Why study in Bologna?
I chose to study in Bologna because Unibo is the oldest university of the Western world, whose alumni include Dante, Petrarca, Pasolini, Thomas Becket and Copernicus, to name a few. I have already heard about its reputation and then I found out that it also offers many international programmes and support for international students like scholarships, facilities for accommodation and so on. Furthermore, the location is amazing because you can travel within Italy and outside of Europe, it is kind of extremely convenient hub for trains and for flights.
Why do you think Bologna is particularly suitable for international students?
I think Bologna is a lively, super chill and super friendly college town; there is always something going on culturally, in the art and music sector. You live with Italians and eat Italian food; you get the whole experience. I really recommend Bologna if you are looking for a full linguistic and cultural immersion and living the Italian lifestyle. There are relatively few native English speakers living here as compared to Florence or Rome, making speaking Italian on a daily basis achievable and enhancing engagement in the new cultural environment. There are many opportunities to get the real taste of Italy!

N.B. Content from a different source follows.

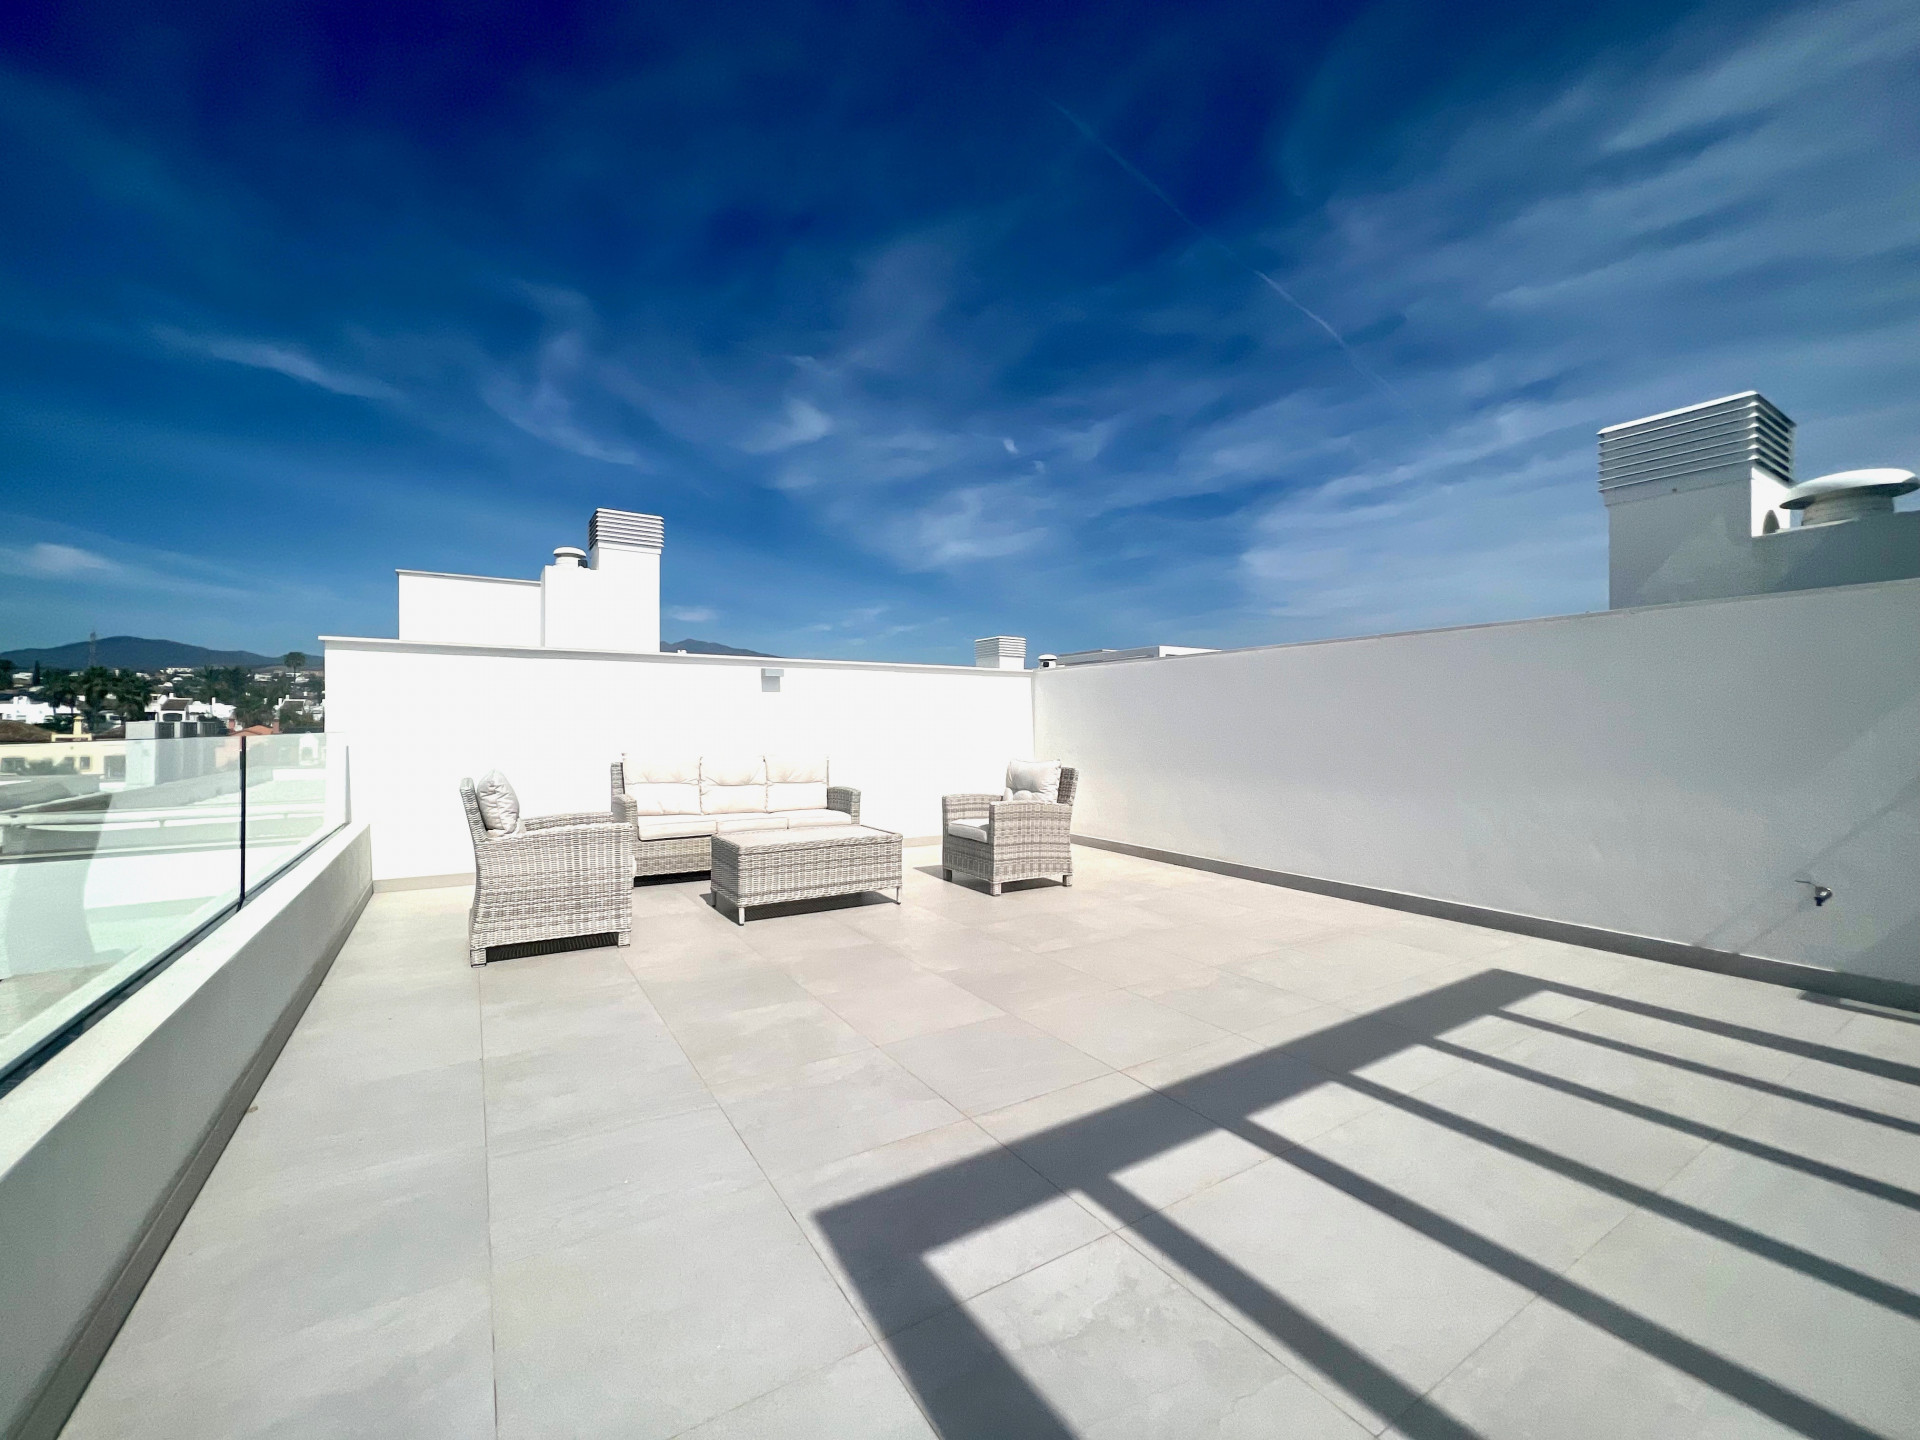 Large 4 bed, 3 bath penthouse with huge roof terrace in Bel Air

What are your favourite places in Bologna?
My favourite places in Bologna are Piazza Verdi, Santo Stefano, Piazza San Francesco to chill out during the evenings as well as Giardini Margherita, San Luca and Parco Cavaioni on the Bolognese hills to enjoy nature and landscapes. I also love to shop at Via Indipendenza, Via Ugo Bassi or in the chic boutiques of Via D’Azeglio and to just stop and reading books on the recliners of Sala Borsa, the biggest library of the town.

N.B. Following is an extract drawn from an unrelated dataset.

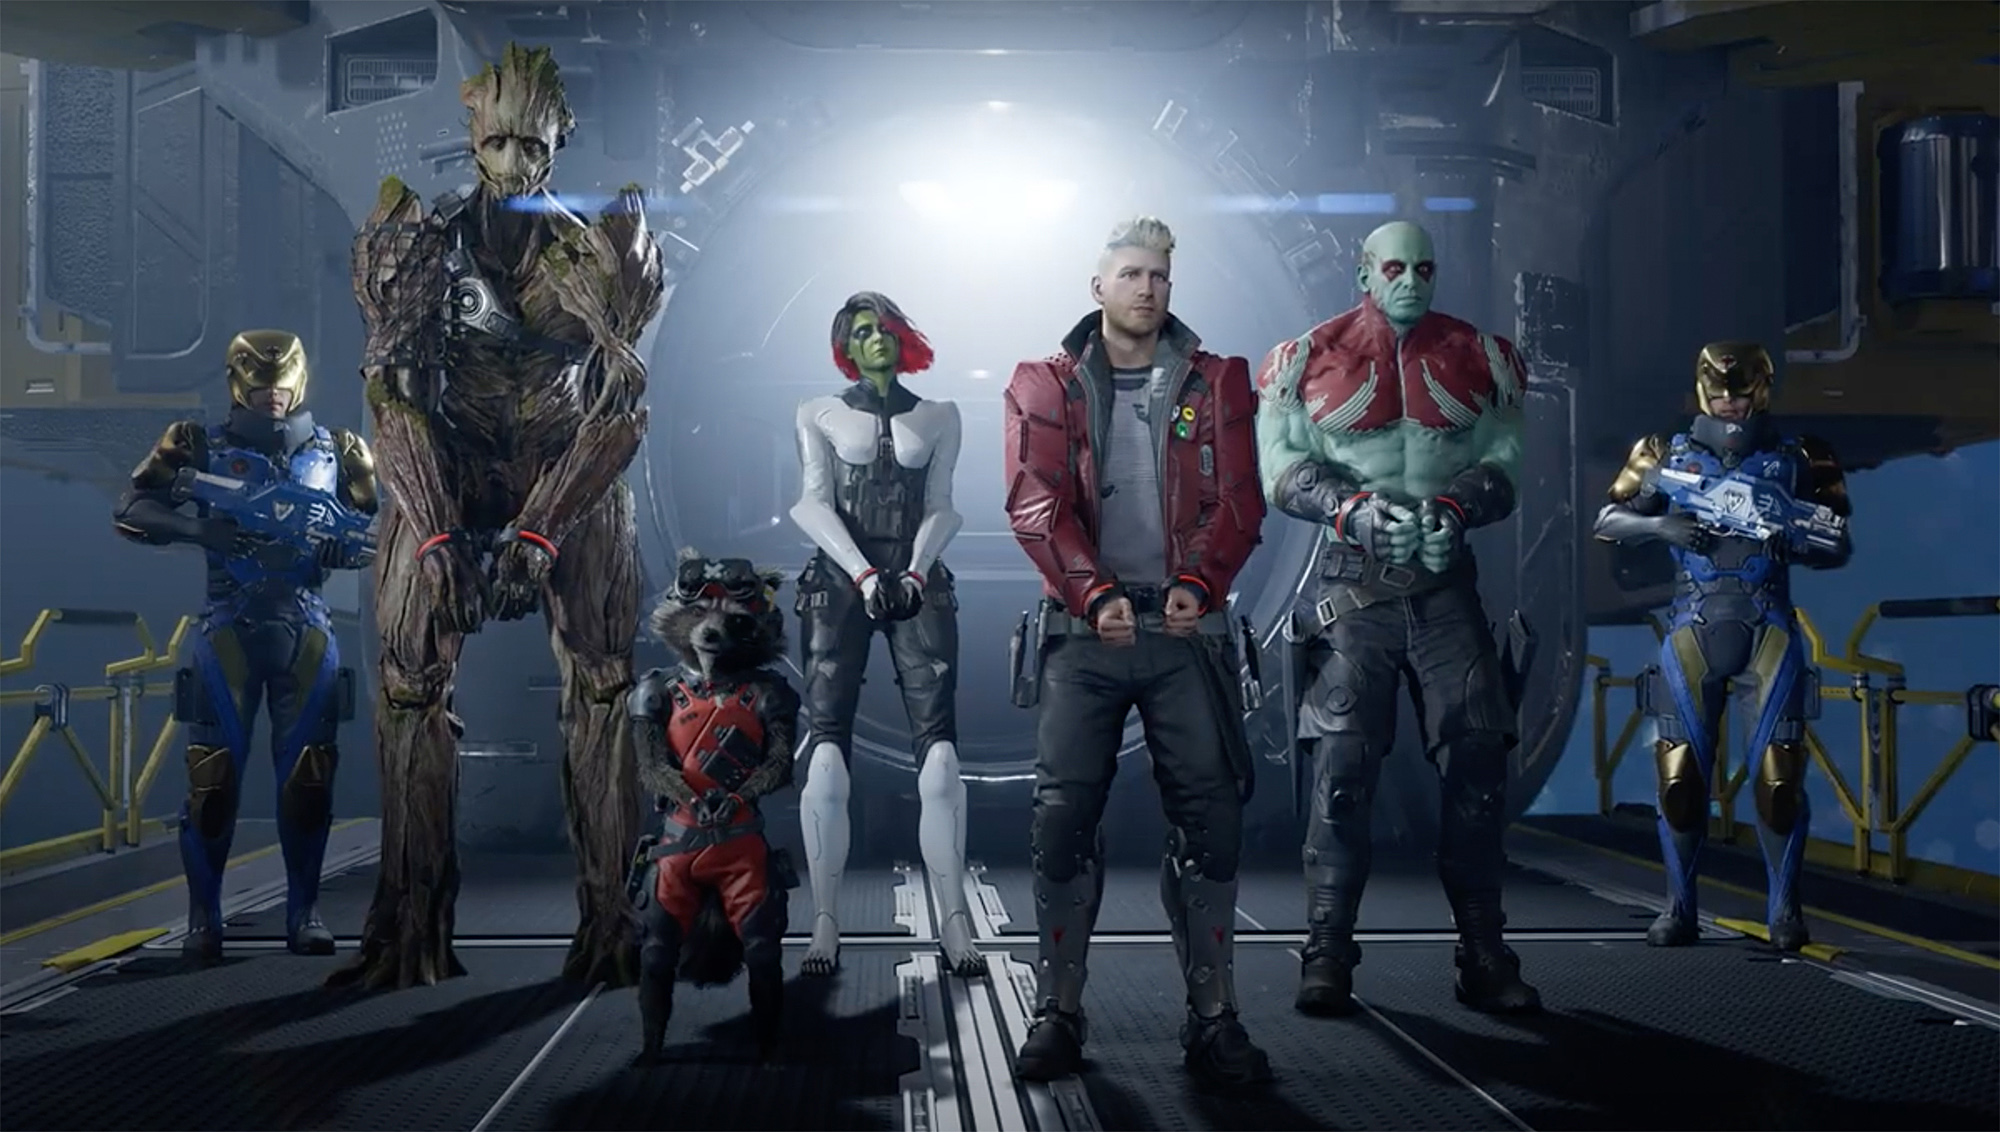 guardians-of-the-galaxy-video-game-stuck-in-avengers-shadow-bloomberg

Which experiences or traditional food in Bologna would you recommend to other foreign students or people?
I definitely recommend trying tagliatelle, tortellini and crescentine with prosciutto crudo or mortadella. Bologna is undoubtedly not a paradise for vegetarians but the quality of food in the supermarkets and markets (especially Mercato di Mezzo near Piazza Maggiore and Mercato delle Erbe in Via Ugo Bassi) is astounding. For a true Bolognese tasting you also must try the countless “osterie” and “trattorie” populating the maze of streets of the city centre and have a glass of a fizzy fruity wine like Lambrusco or Pignoletto. Enjoying an “aperitivo” in Via Zamboni or Via del Pratello is also a very fun and typically Italian experience: for the cost of a drink, unlimited munchies are all available at no extra charge and these customs have become some of my favourite pastimes. Another “must” is to climb the Asinelli Tower, the tallest of the city (but you can’t do it before being graduated) and to walk under the porticos, which allow visiting the city on foot no matter what the weather.
What do you think about Bolognese people?
Bologna is easy to settle in and get around, it’s a friendly environment. The most pleasing discovery I have come to find out since moving to Bologna is that Italians, and Bolognese guys in particular, are some of the easiest, kindest and generous people I’ve ever met, perhaps because Italian culture requires being social or “simpatico”, as you say. My biggest surprise so far has been making such great friends so fast. Come to Italy and to Bologna guys, we are waiting for you!